__TASK TO CARRY OUT__. Every line below between the line holding "Best accomplishments of Malala Yousafzai" and the line holding "Georgien Sculpture de", inclusive, should be repeated exactly, and all other lines omitted.

Start of SUPPLIED INFORMATION

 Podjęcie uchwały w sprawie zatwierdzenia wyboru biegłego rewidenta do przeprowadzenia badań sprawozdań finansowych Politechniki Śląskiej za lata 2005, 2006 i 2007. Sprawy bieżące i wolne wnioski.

End of SUPPLIED INFORMATION
Start of SUPPLIED INFORMATION

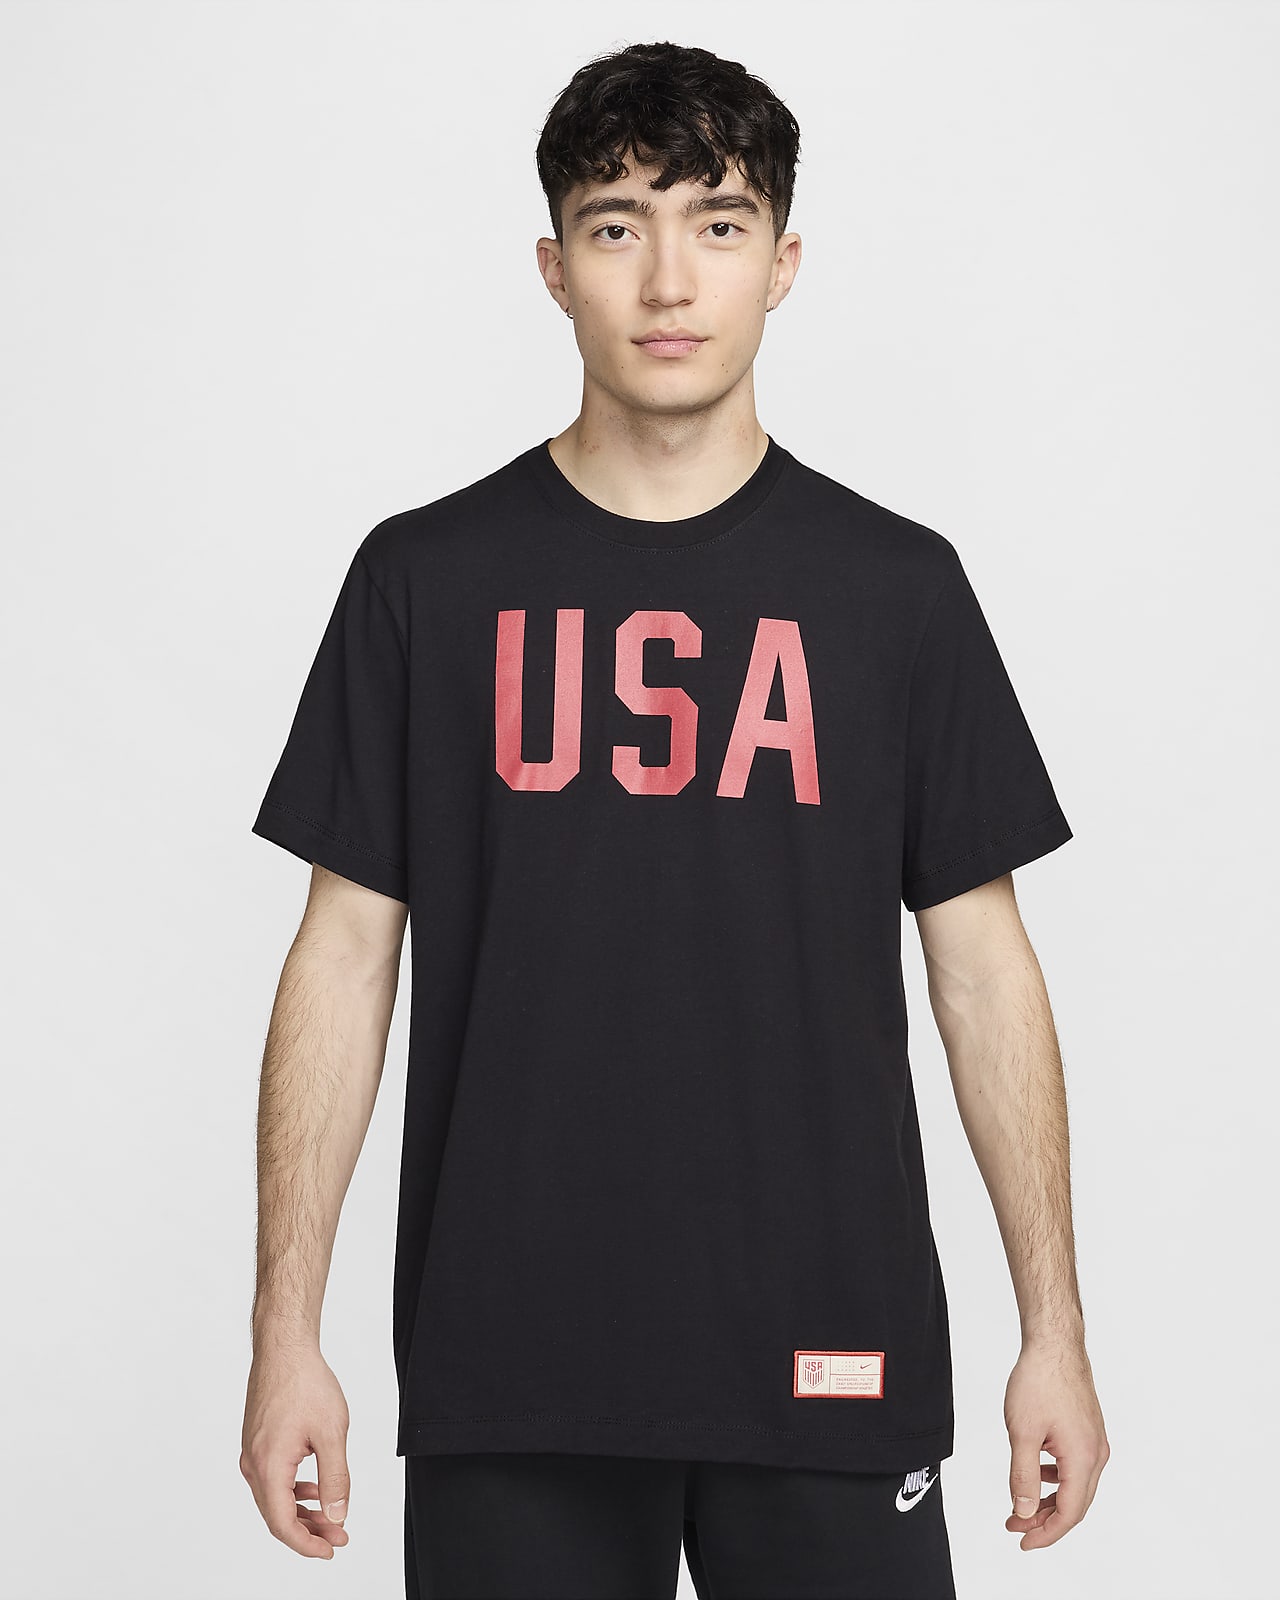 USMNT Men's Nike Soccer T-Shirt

End of SUPPLIED INFORMATION
Start of SUPPLIED INFORMATION

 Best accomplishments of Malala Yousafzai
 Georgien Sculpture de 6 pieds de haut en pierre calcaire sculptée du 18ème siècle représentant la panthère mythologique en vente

End of SUPPLIED INFORMATION

__ANSWER SECTION__.
 Best accomplishments of Malala Yousafzai
 Georgien Sculpture de 6 pieds de haut en pierre calcaire sculptée du 18ème siècle représentant la panthère mythologique en vente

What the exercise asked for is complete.